DeepSeek-V4-Pro leads on Tool-Decathlon (52.8 vs GLM-5.2’s 48.2), the benchmark closest to high-volume tool chaining. If that workload dominates, GLM-5.2’s Pro or Max tiers charge for long-context and speculative-decoding optimizations a tool-chaining pipeline does not exercise. The cheaper DeepSeek V3.2 tier is the correct default for that shape, with R1 reserved for the calls requiring sustained reasoning.

What would cause the four-way routing approach to collapse into a single-vendor decision?

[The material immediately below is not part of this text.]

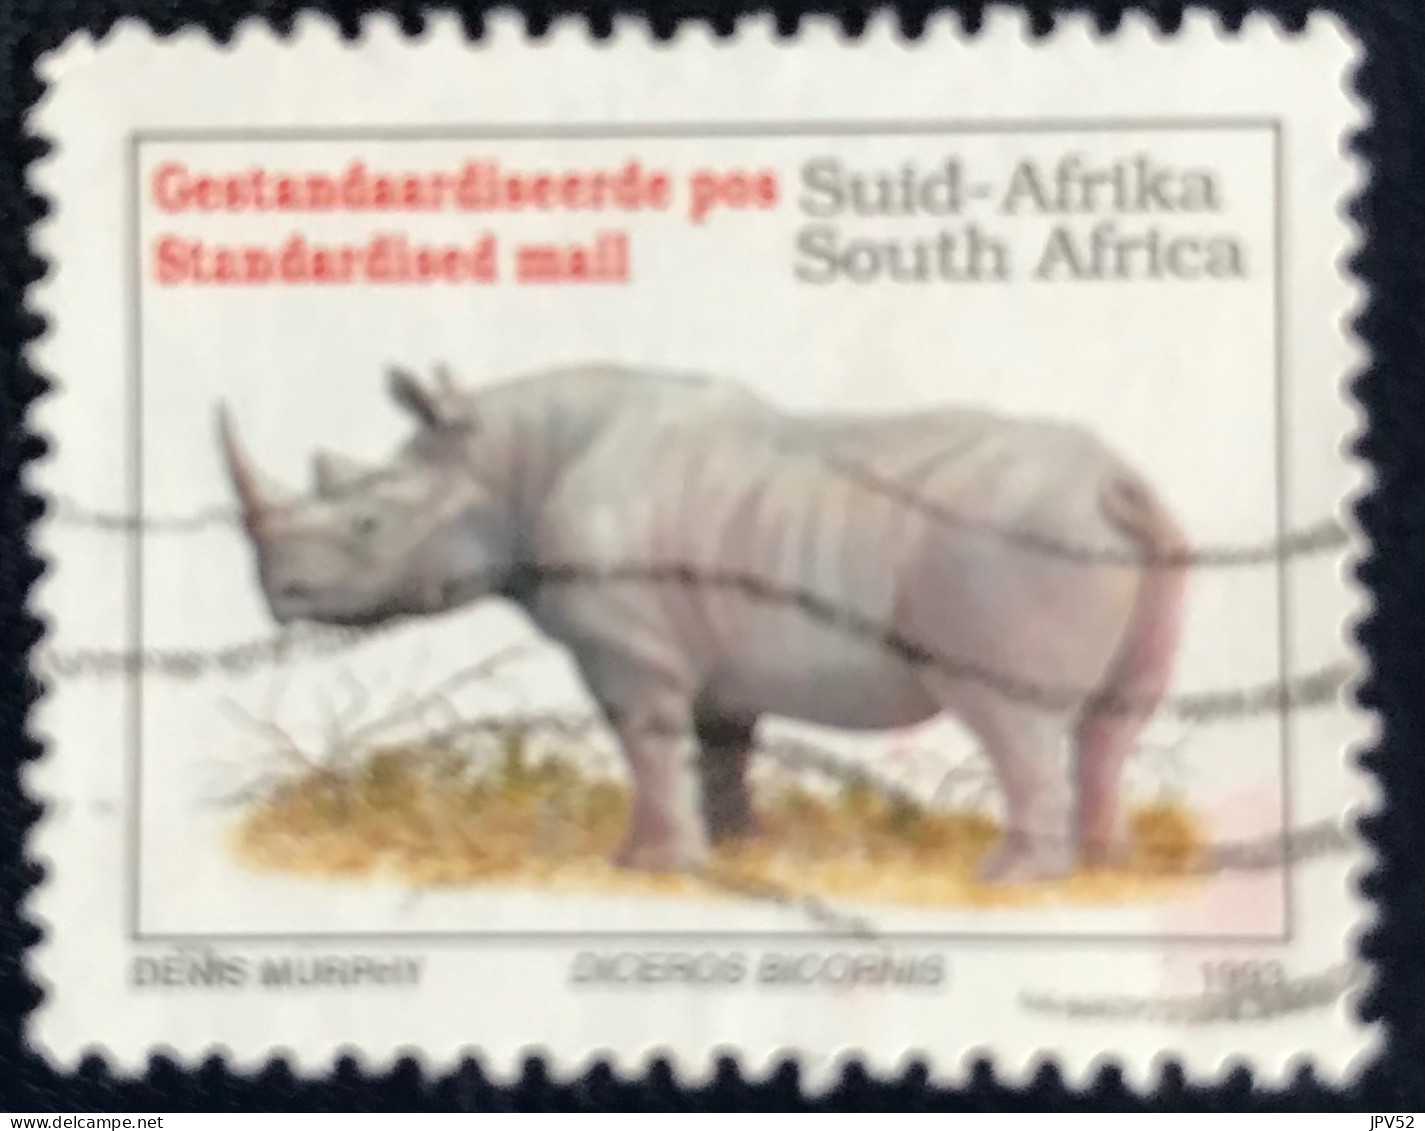 RSA - South Africa - Suid-Afrika  - C18/8 - 1996 - (°)used - Michel 896 - Bedreigde Dieren - Gebruikt

GLM-5.2’s MIT license is the only one here that allows self-hosting with no per-token cost. If a team’s throughput justifies running a 1M-context model on local hardware, the routing problem collapses to one endpoint and the API-tier comparisons become irrelevant. The licensing asymmetry (MIT versus Apache 2.0 versus proprietary API-only) is the most durable differentiator in this stack once benchmark scores converge, since it determines whether the team can exit the API cost structure entirely.